- _Dataset excerpt_
◇ ◇ ◇ ◇

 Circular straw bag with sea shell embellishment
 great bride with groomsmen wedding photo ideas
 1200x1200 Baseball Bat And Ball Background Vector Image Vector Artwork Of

◇ ◇ ◇ ◇

Return the data in full, with each line kept exactly as it is.

- _Exercise result_
 Circular straw bag with sea shell embellishment
 great bride with groomsmen wedding photo ideas
 1200x1200 Baseball Bat And Ball Background Vector Image Vector Artwork Of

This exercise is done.